Ulaşım ve konaklama kadar tüketilen yiyecek de karbon salımında önemli etki yapıyor. Futbolcuların formalarından stadyumun etrafındaki pankartlara ve TV reklamlarına kadar her şeyin etkisi var. Bir spor etkinliğinin “karbon nötr” olduğunu duyup katılmakla havayolları ve fosil yakıt şirketlerinin forma reklamını görmek arasında büyük bir uyumsuzluk olduğunu vurgulanıyor.
——–
Özel jete binmeyin!
Gerçek ve inandırıcı iklim eylemini gözle görülür bir şekilde benimseyen ve destekleyen bir Dünya Kupası görülemiyor. FIFA, Katar’daki insan hakları konularını tartışmak yerine “futbola odaklanın” talebinde bulunduğunda, bu yüzden tepki görüyordu. FIFA, 200 spor organizasyonu ile birlikte BM’nin İklim İçin Spor Eylem Çerçevesi’ne imza attığı için, atılan her adımda sorumlu tutuluyor.
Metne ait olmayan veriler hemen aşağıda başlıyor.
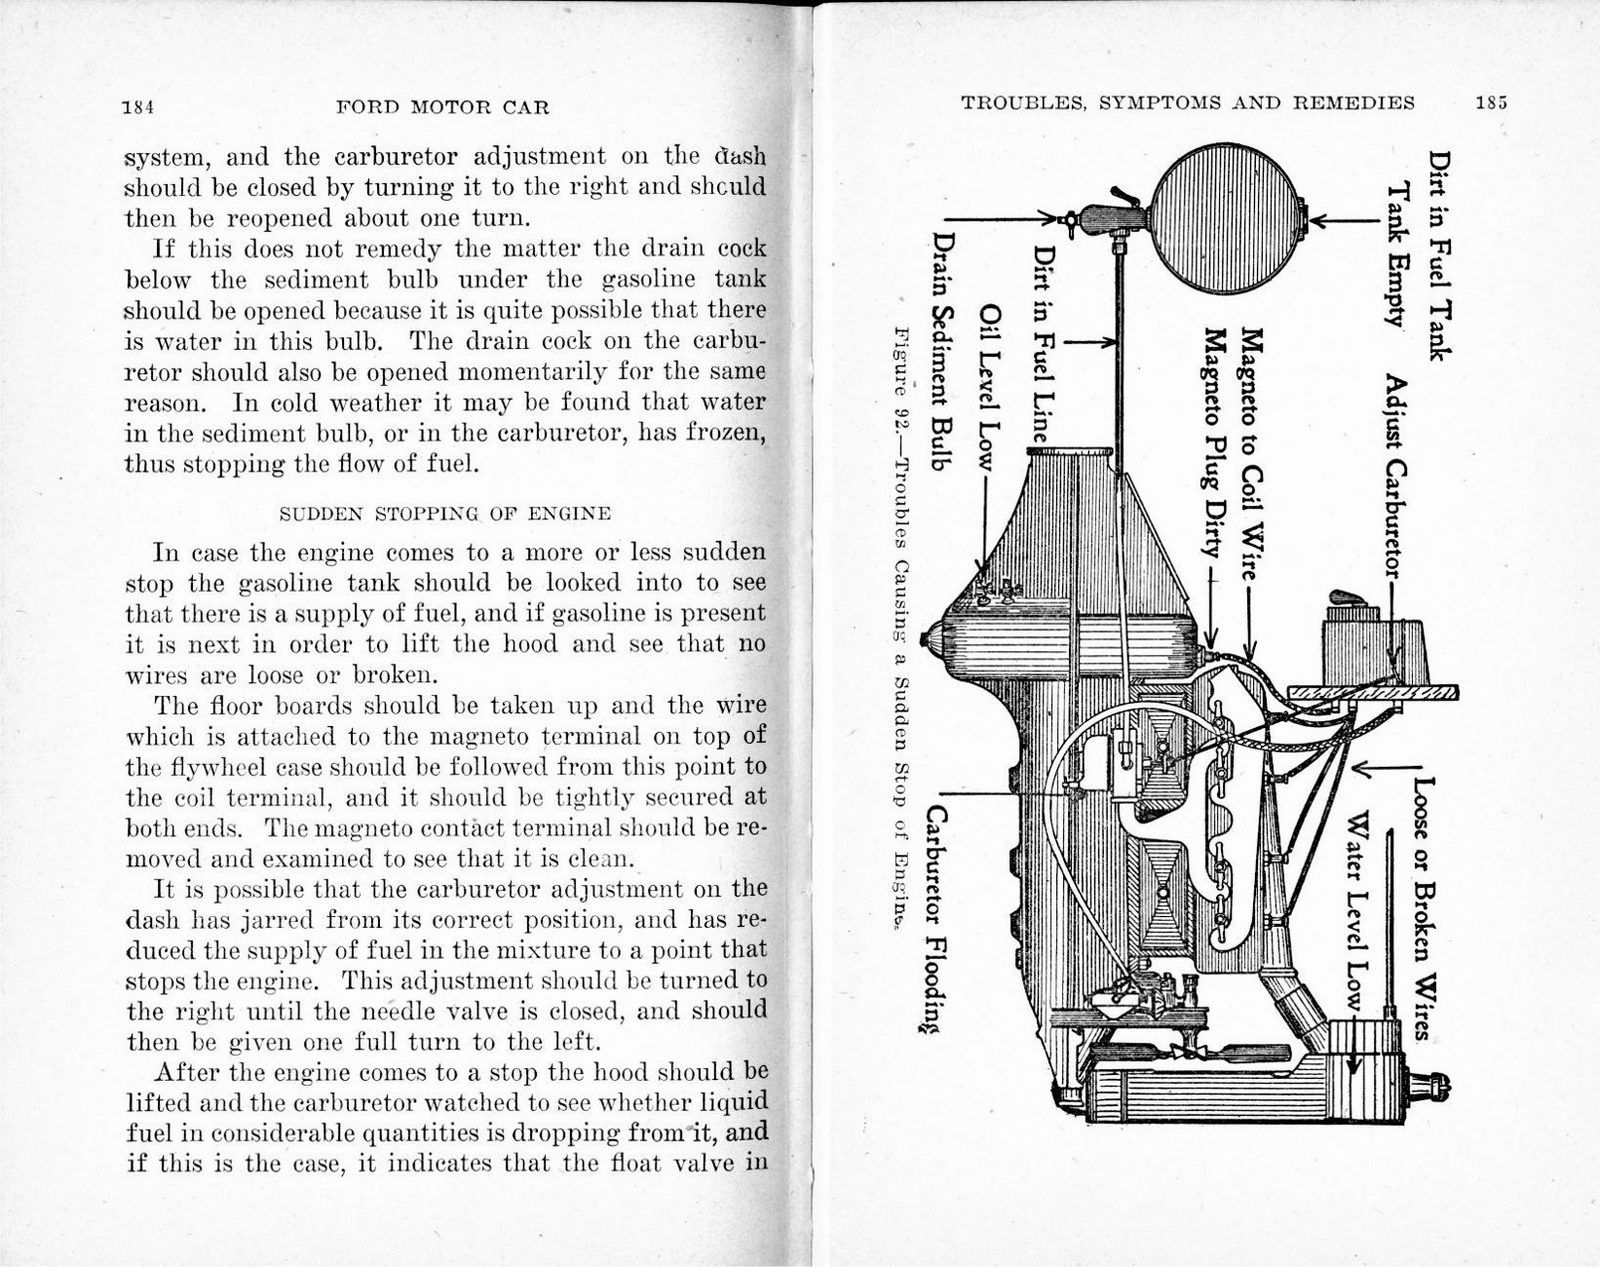 n_1917 Ford Car & Truck Manual-184-185.jpg

Ayrıca, çevreden sosyal alana etki gücü çok yüksek. Futbolcular rol modeller, yüz milyonlarca insana ilham veriyorlar. Yaşananların da zincirleme etkileri oluyor.
Bu nedenle, gerçekten yeşil bir Dünya Kupası, için, FIFA gibi, ev sahibi ülke gibi, futbolcuların da örnek olması gerekiyor. Özel jet kullanmamak, lüks tüketim içinde, abartılı konuk partilerinde görünmemek gibi…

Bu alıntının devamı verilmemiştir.